Initial dataframe example:
cols = ['id', 'cur_age', 'EGI0', 'EXP0', 'PEGI', 'PExp', 'gEGI', 'TotExp']
data = [[12003, 1, 446499.51, 214319.76, np.nan, np.nan, 0.00228, 0.00228],
[12003, 2, 446499.51, 214319.76, np.nan, np.nan, 0.00228, 0.00228],
[12003, 3, 446499.51, 214319.76, np.nan, np.nan, 0.00183, 0.00183],
[12003, 4, 446499.51, 214319.76, np.nan, np.nan, 0.00183, 0.00183],
[12003, 5, 446499.51, 214319.76, np.nan, np.nan, 0.00183, 0.00183],
[12003, 6, 446499.51, 214319.76, np.nan, np.nan, 0.00183, 0.00183],
[12003, 7, 446499.51, 214319.76, np.nan, np.nan, 0.00183, 0.00183],
[12003, 8, 446499.51, 214319.76, np.nan, np.nan, 0.00183, 0.00183],
[12003, 9, 446499.51, 214319.76, np.nan, np.nan, 0.00184, 0.00184],
[12003, 10, 446499.51, 214319.76, np.nan, np.nan, 0.00184, 0.00184],
[12014, 1, 163392.40, 78428.35, np.nan, np.nan, 0.00183, 0.00183],
[12014, 2, 163392.40, 78428.35, np.nan, np.nan, 0.00183, 0.00183],
[12014, 3, 163392.40, 78428.35, np.nan, np.nan, 0.00183, 0.00183],
[12014, 4, 163392.40, 78428.35, np.nan, np.nan, 0.00183, 0.00183],
[12014, 5, 163392.40, 78428.35, np.nan, np.nan, 0.00183, 0.00183]
]
bookdf = pd.DataFrame(data, columns = cols)
Desired Output:
cols = ['id', 'cur_age', 'EGI0', 'EXP0', 'PEGI', 'PExp', 'gEGI', 'TotExp', 'position', 'check', 'egix', 'expx']

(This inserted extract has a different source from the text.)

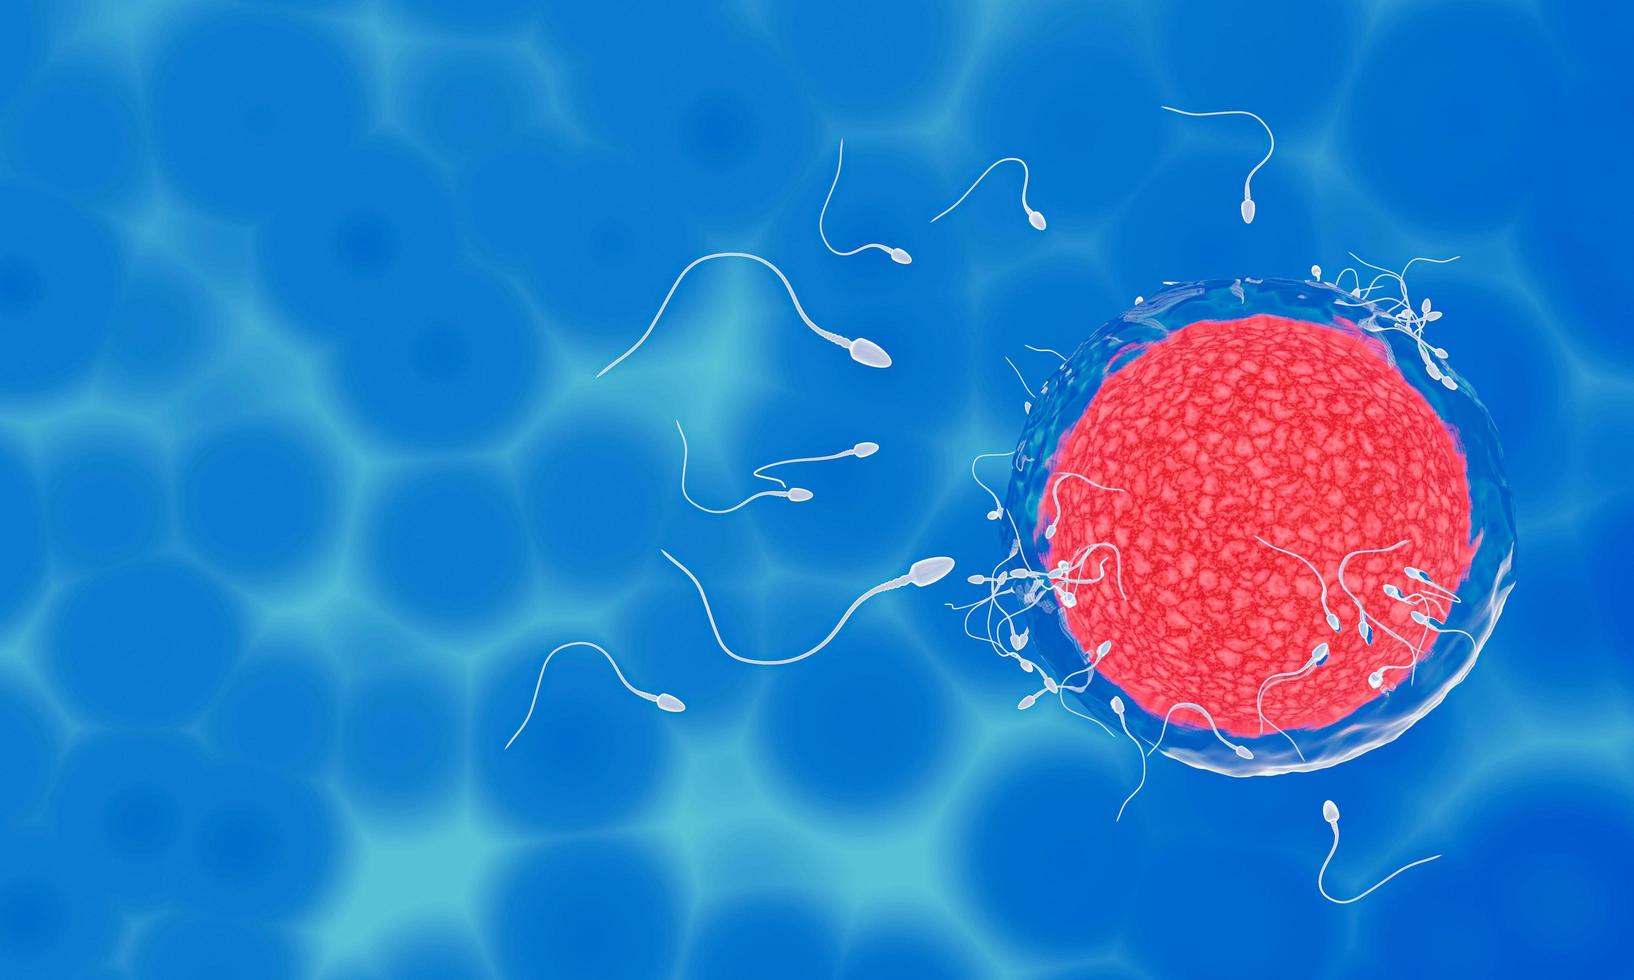 spermierna riktas mot ägget. att göra mänsklig parning. en förbefruktningsmodell mellan ett ägg och en spermie. 3d-rendering foto

data = [[12003, 1, 446499.51923, 23.76, np.nan, np.nan, 0.00228, 0.00228, 0, 446499.51923],
[12003, 2, 446499.51923, 32.76, np.nan, np.nan, 0.00228, 0.00228, 1, 447517.89163],
[12003, 3, 446499.51923, 214319.76, np.nan, np.nan, 0.00183, 0.00183, 2, 448338.21855],
[12003, 4, 446499.51, 214319.76, np.nan, np.nan, 0.00183, 0.00183, 3, 449160.04918],
[12003, 5, 446499.51, 214319.76, np.nan, np.nan, 0.00183, 0.00183, 4, 449983.38628],
[12003, 6, 446499.51, 214319.76, np.nan, np.nan, 0.00183, 0.00183, 5, 450808.23260],
[12003, 7, 446499.51, 214319.76, np.nan, np.nan, 0.00183, 0.00183, 6, 451634.59091],
[12003, 8, 446499.51, 214319.76, np.nan, np.nan, 0.00183, 0.00183, 7, 452462.46399],
[12003, 9, 446499.51, 214319.76, np.nan, np.nan, 0.00184, 0.00184, 8, 453294.43921],
[12003, 10, 446499.51, 214319.76, np.nan, np.nan, 0.00184, 0.00184, 9, 454127.94424],
[12014, 1, 163392.40, 78428.35, np.nan, np.nan, 0.00183, 0.00183, 0, 163392.40385],
[12014, 2, 163392.40, 78428.35, np.nan, np.nan, 0.00183, 0.00183, 1, 163765.06788],
[12014, 3, 163392.40, 78428.35, np.nan, np.nan, 0.00183, 0.00183, 2, 164065.25900],
[12014, 4, 163392.40, 78428.35, np.nan, np.nan, 0.00183, 0.00183, 3, 164366.00038],
[12014, 5, 163392.40, 78428.35, np.nan, np.nan, 0.00183, 0.00183, 4, 164667.29304]
]
bookdf = pd.DataFrame(data, columns = cols)
Working code in Pandas which works on small dataset only:
# 'check' column is being created to get first row of each grouped data w.r.t 'id' column.
# I need to take to take first row of each group and do the below calculation for rest of the rows of each group but ```bookdf.group('id).first()``` is not working with the below calculation which basically retains the last value and do the math.
bookdf['check'] = bookdf.groupby(bookdf['id']).cumcount()
bookdf['egix'] = np.where((bookdf.check==0) & (bookdf.PEGI>0), bookdf.PEGI, bookdf.EGI0)
bookdf['expx'] = np.where((bookdf.check==0) & (bookdf.PExp>0), boodf.PExp, bookdf.EXP0)
for ind in bookdf.index:
if boo1df['check'][ind]!=0:
bookdf['egix'][ind] = bookdf['egix'][ind-1]*(1 + bookdf['gEGI'][ind])
bookdf['expx'][ind] = bookdf['expx'][ind-1]*(1 + bookdf['TotExp'][ind])
If I try to run the same code with dask dataframe, It's giving below mentioned error:
for ind in range(0, len(book1df)):
if boo1df['check'][ind]!=0:
bookdf['egix'][ind] = bookdf['egix'][ind-1]*(1 + bookdf['gEGI'][ind])
bookdf['expx'][ind] = bookdf['expx'][ind-1]*(1 + bookdf['TotExp'][ind])
**Error** : Series getitem in only supported for other series objects with matching partition structure.
Is there any way to implement this in dask dataframe or another best way to get the desired output with large Dataset.